Unseen Object Segmentation in Videos via Transferable Representations
This addresses the labor-intensive annotation issue for video object segmentation, enabling segmentation of unseen categories, though it is incremental as it builds on transfer learning and self-learning approaches.
The paper tackles the problem of segmenting unseen object categories in videos without target annotations by transferring visual information from annotated source images, achieving favorable performance against state-of-the-art methods on benchmark datasets.

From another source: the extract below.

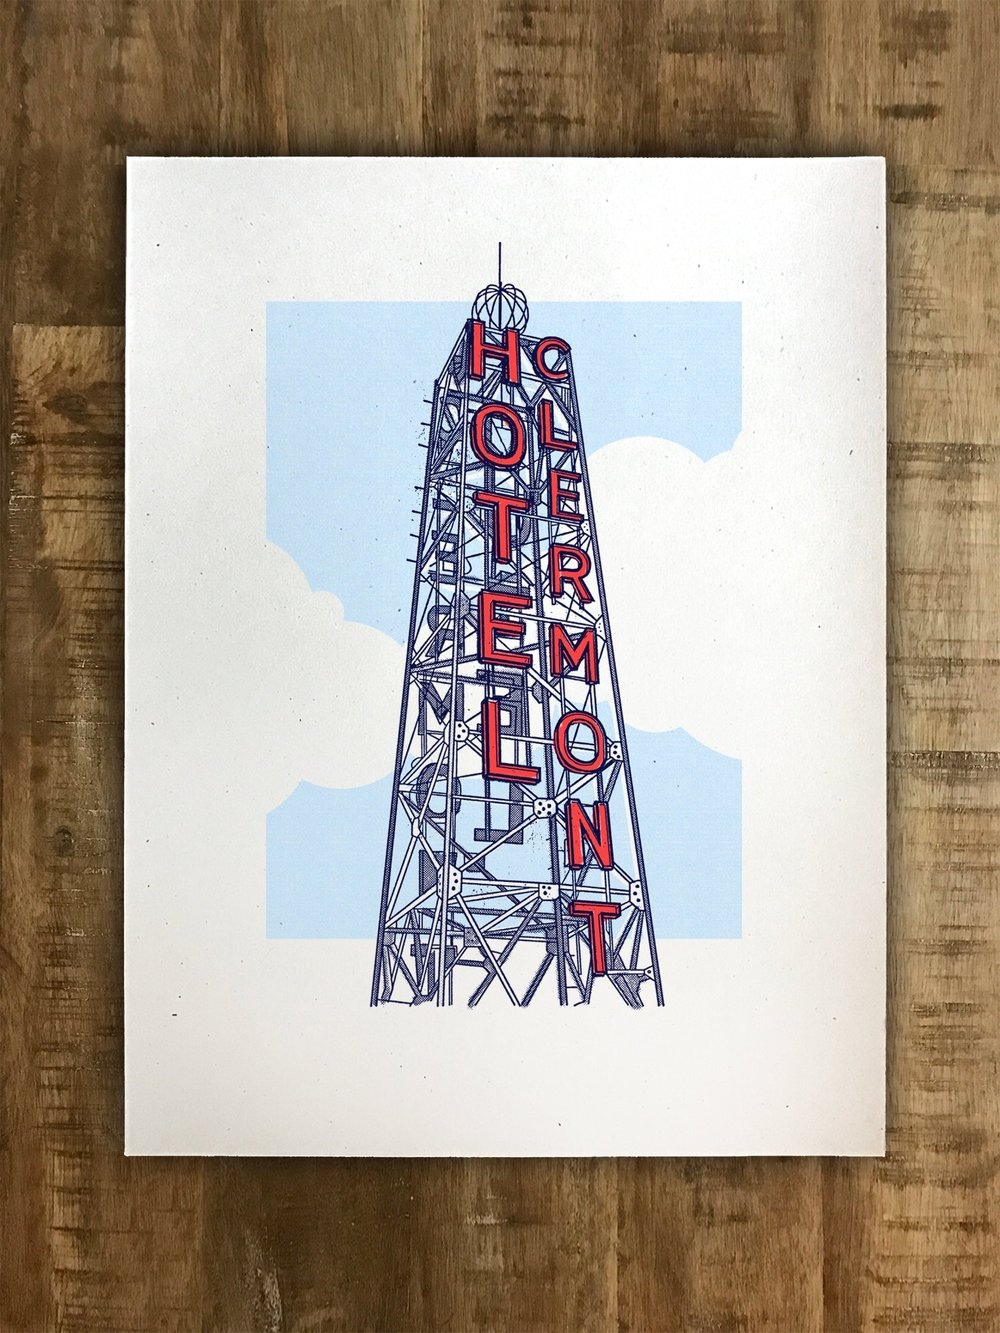 Hotel Clermont Tower - by Seth WcWhorter - Atlanta, Georgia - Illustration - Multiple Sizes - (Original Print) - Original illustration of the iconic Hotel Clermont Tower in Atlanta, Georgia.Offered in 3 sizes. $15+

In order to learn object segmentation models in videos, conventional methods require a large amount of pixel-wise ground truth annotations. However, collecting such supervised data is time-consuming and labor-intensive. In this paper, we exploit existing annotations in source images and transfer such visual information to segment videos with unseen object categories. Without using any annotations in the target video, we propose a method to jointly mine useful segments and learn feature representations that better adapt to the target frames. The entire process is decomposed into two tasks: 1) solving a submodular function for selecting object-like segments, and 2) learning a CNN model with a transferable module for adapting seen categories in the source domain to the unseen target video. We present an iterative update scheme between two tasks to self-learn the final solution for object segmentation. Experimental results on numerous benchmark datasets show that the proposed method performs favorably against the state-of-the-art algorithms.